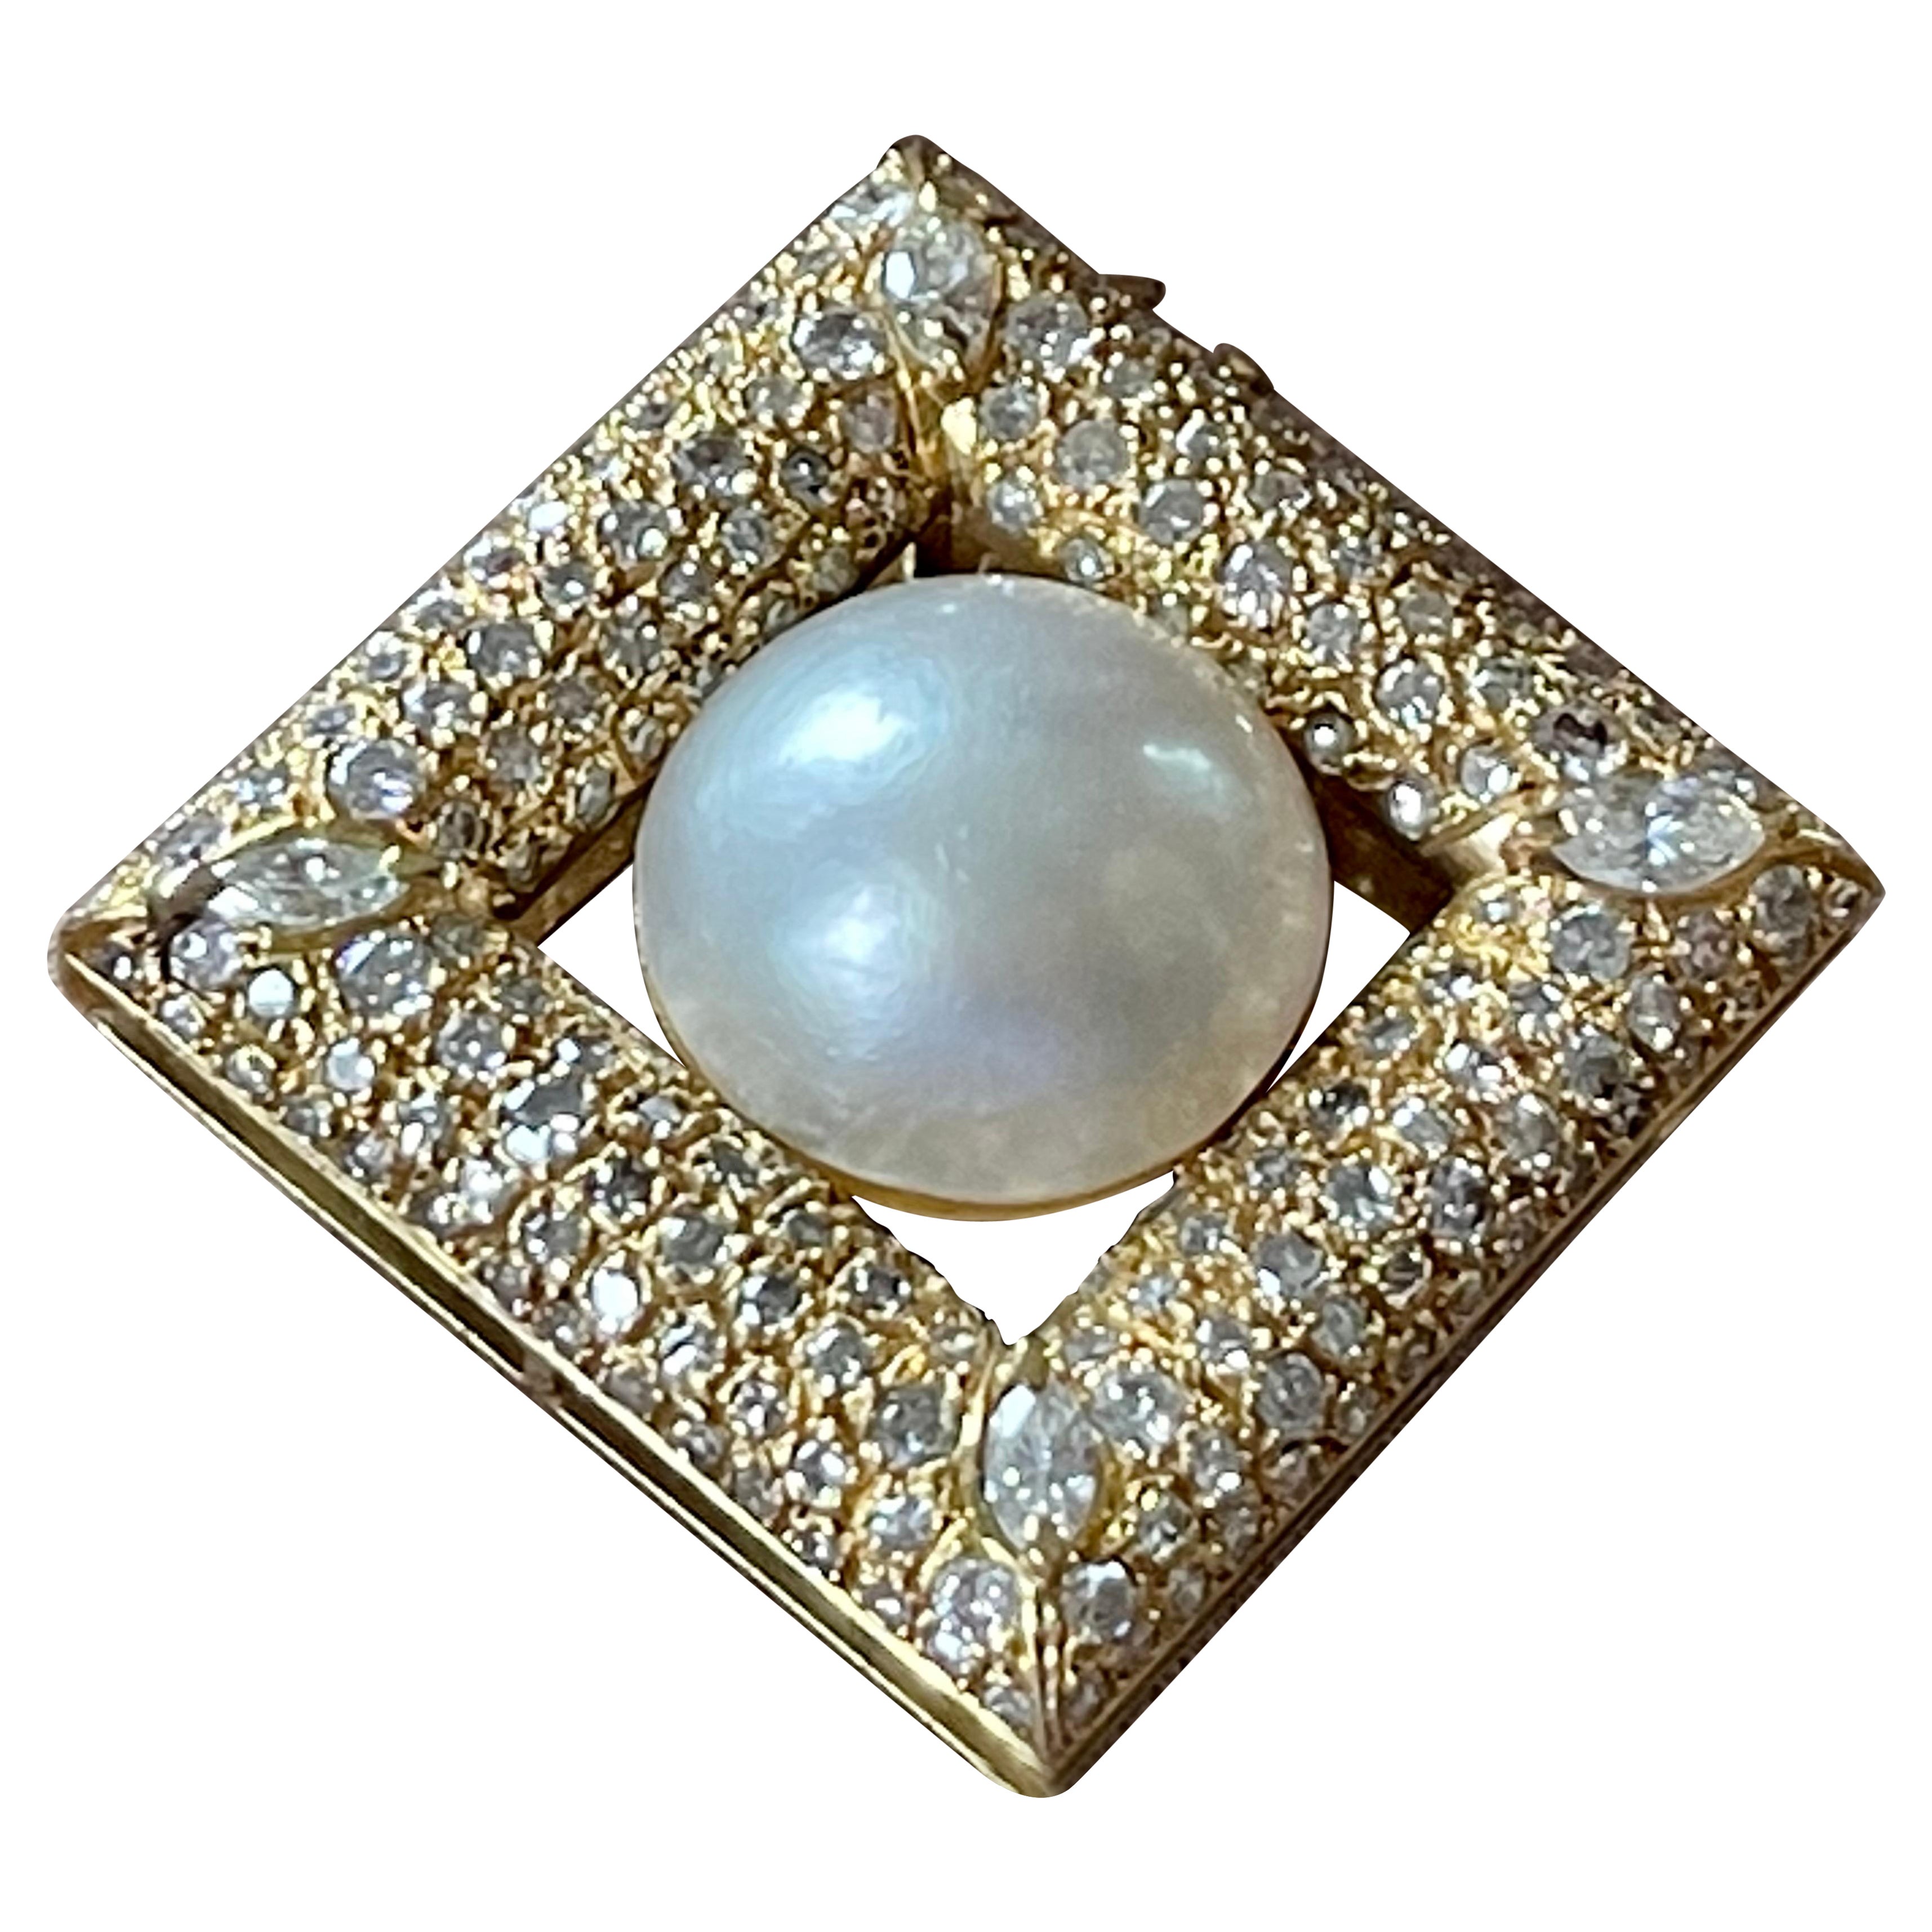 Vintage Brooch 18 K Yellow Gold Diamonds Mabe Pearl
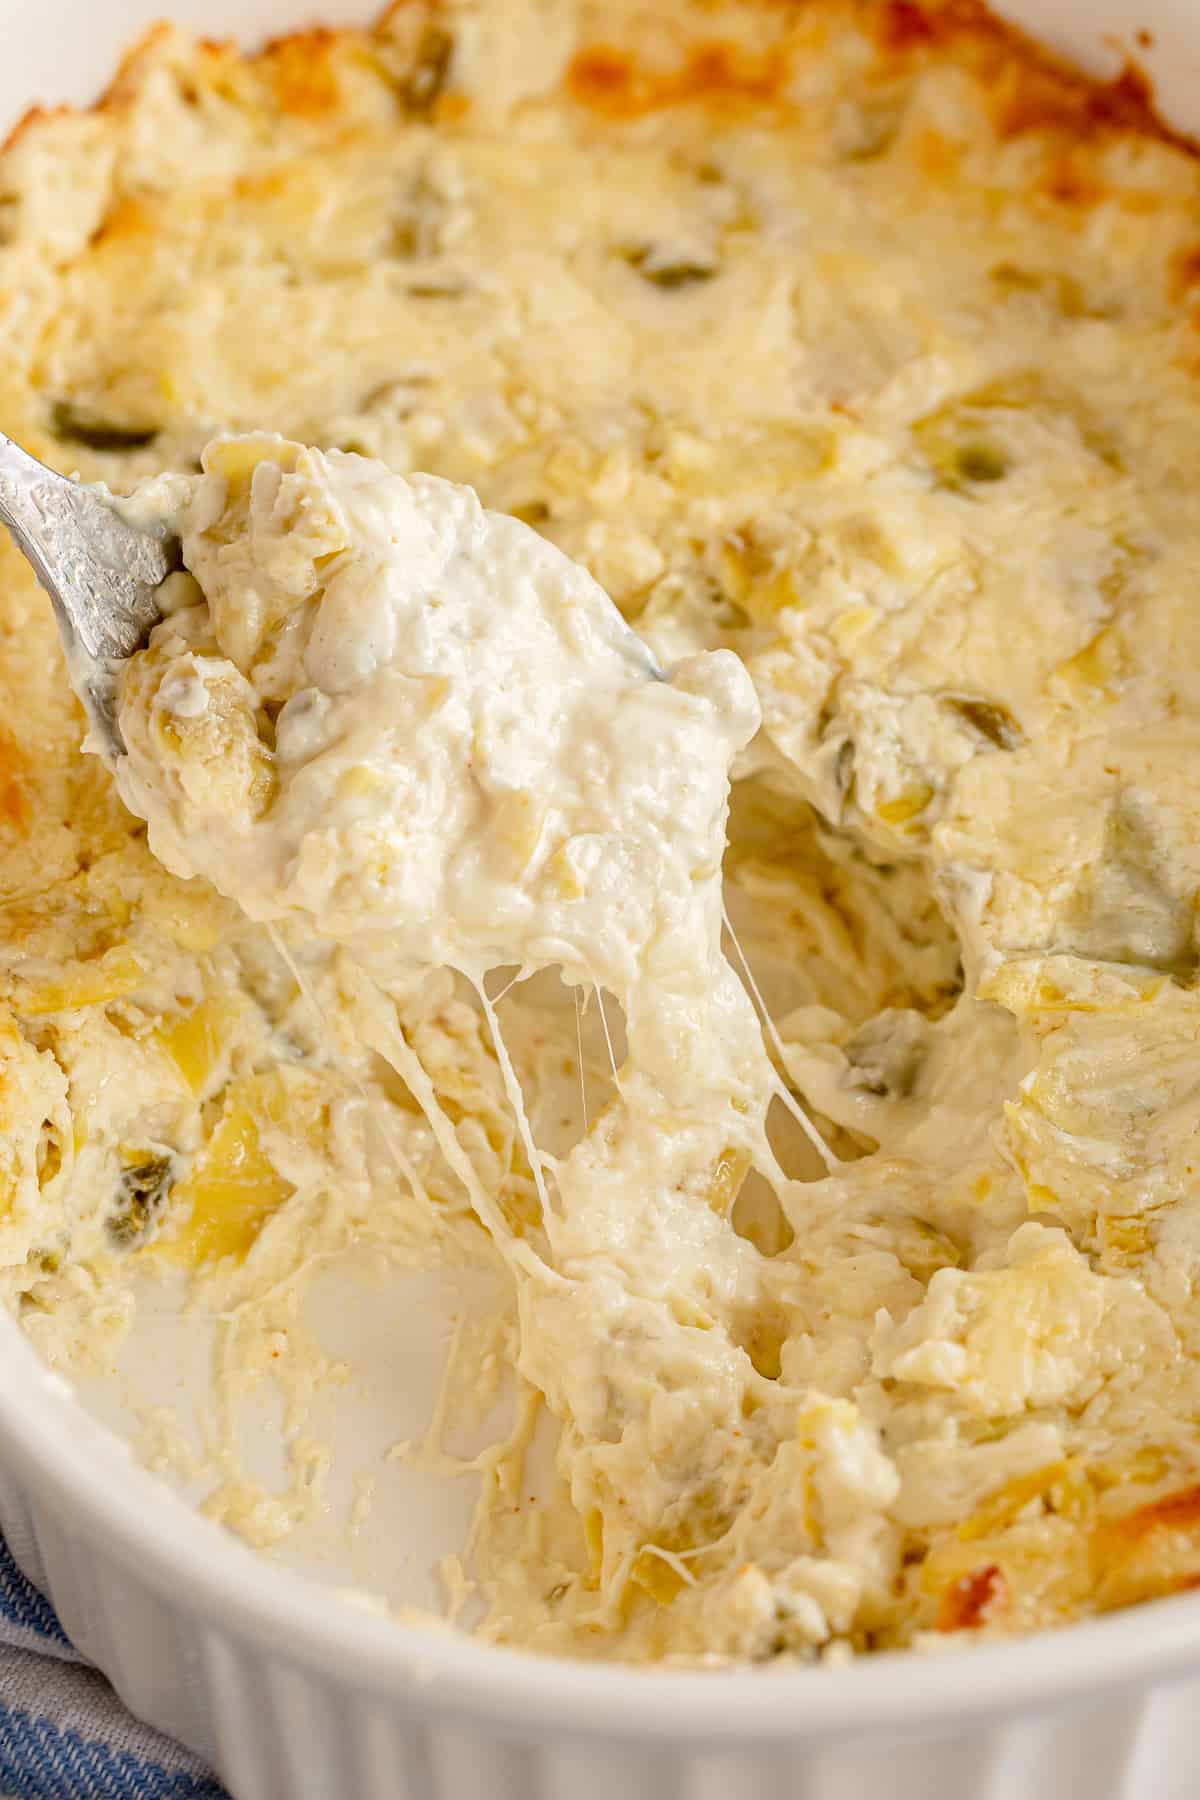 A spoon scoops cheesy dip from a baking dish.
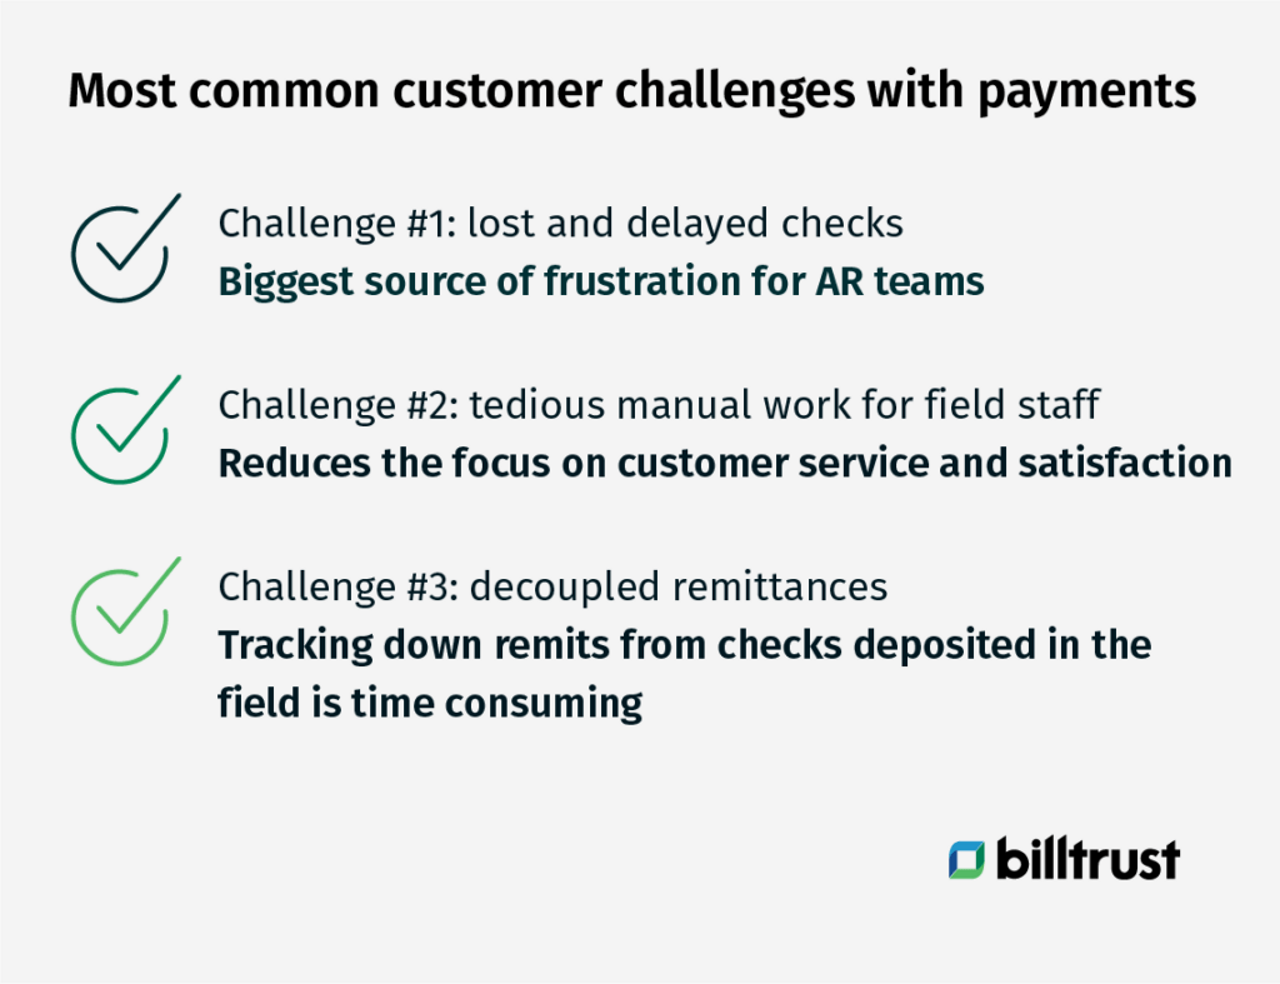 remote deposits and three common challenges with payments

# ACTIVITY
An exact copy of the material is required, minus the pictures.

# RESULT BELOW
 Vintage Brooch 18 K Yellow Gold Diamonds Mabe Pearl
 A spoon scoops cheesy dip from a baking dish.
 remote deposits and three common challenges with payments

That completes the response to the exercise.